Кундера вздохнул. Могло быть и хуже. Здесь, в районе Черняковских садов, патруль скорее походил на прогулку. Он мог угодить на Шмульки или Повислье, где ему пришлось бы пробираться будто крысе, судорожно сжимая дубинку, которая здесь служила лишь для того, чтобы небрежно ею помахивать, дразнить собак и стучать по заборам. Там его ждали бы воняющие мочой темные подворотни и закоулки, забитые мусором сточные канавы и пьяные дворники. В руке любого прохожего могли внезапно блеснуть бритва, кусок велосипедной цепи или сделанный из кроватной пружины и свинца кастет. Здесь же никогда не случалось ничего, что требовало бы вмешательства пешего полицейского, ничего худшего, чем застрявший в ограде головой мальчишка, соседская ссора или залезший на дерево кот.
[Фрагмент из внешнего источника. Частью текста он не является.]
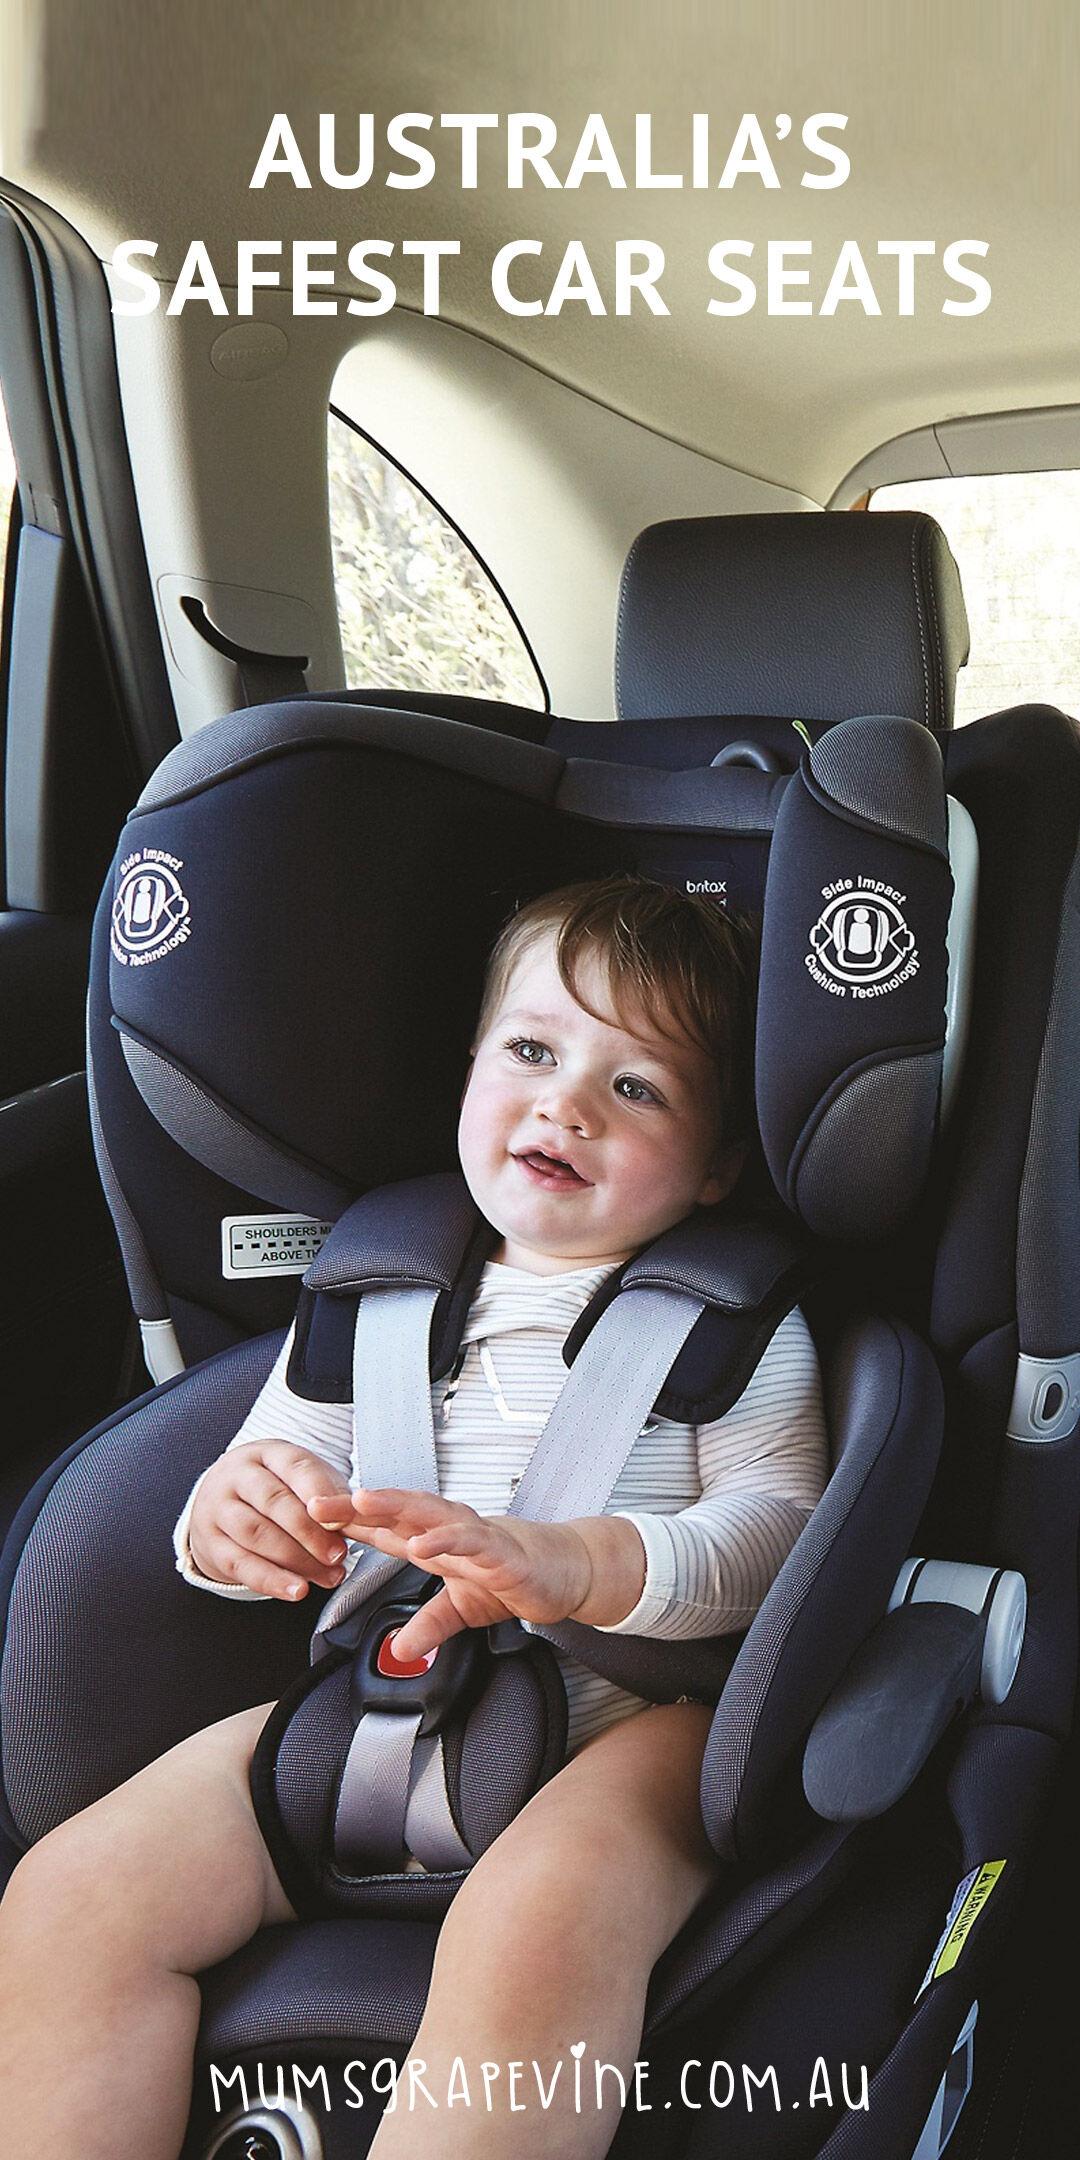 Australia's Safest Car Seats PIN

В Черняковских садах ничего не происходило, и ничто не отклонялось от нормы в большей степени, нежели юная горничная, расхаживающая голышом по комнате при открытых занавесках.
К примеру, тут никогда прежде не видели рослого ксендза, который сидел на корточках возле калитки, ковыряясь отмычкой в замке. Ему светил электрическим фонарем некий господин в дорогом плаще от Берберри и цилиндре на голове.
Постовой Кундера вовсе не был дураком. Но даже кто-то достаточно сообразительный редко в состоянии быстро опомниться в столь сумасбродной ситуации. Трудно сказать, что больше сбило его с толку – ксендз-взломщик или сочетание цилиндра с клетчатым плащом и шароварами. В другом времени и в другом мире для этого придумали определение «когнитивный диссонанс».
При виде обычных негодяев или даже просто рядовых мужчин он знал бы, что делать. Но картина, явившаяся ему в свете газовых фонарей, походила на лихорадочный бред.
– Что тут происходит? – попытался прогреметь во весь голос постовой Кундера, забыв приготовить свисток, а прежде всего – повесить дубинку на пояс и достать револьвер.
Ксендз лишь поднял брови, продолжая спокойно возиться двумя стальными шпильками в замке. Щелкнул засов, калитка со скрипом приоткрылась. Господин в цилиндре поднял фонарь и направил в лицо постовому сноп света. Ксендз начал выпрямляться.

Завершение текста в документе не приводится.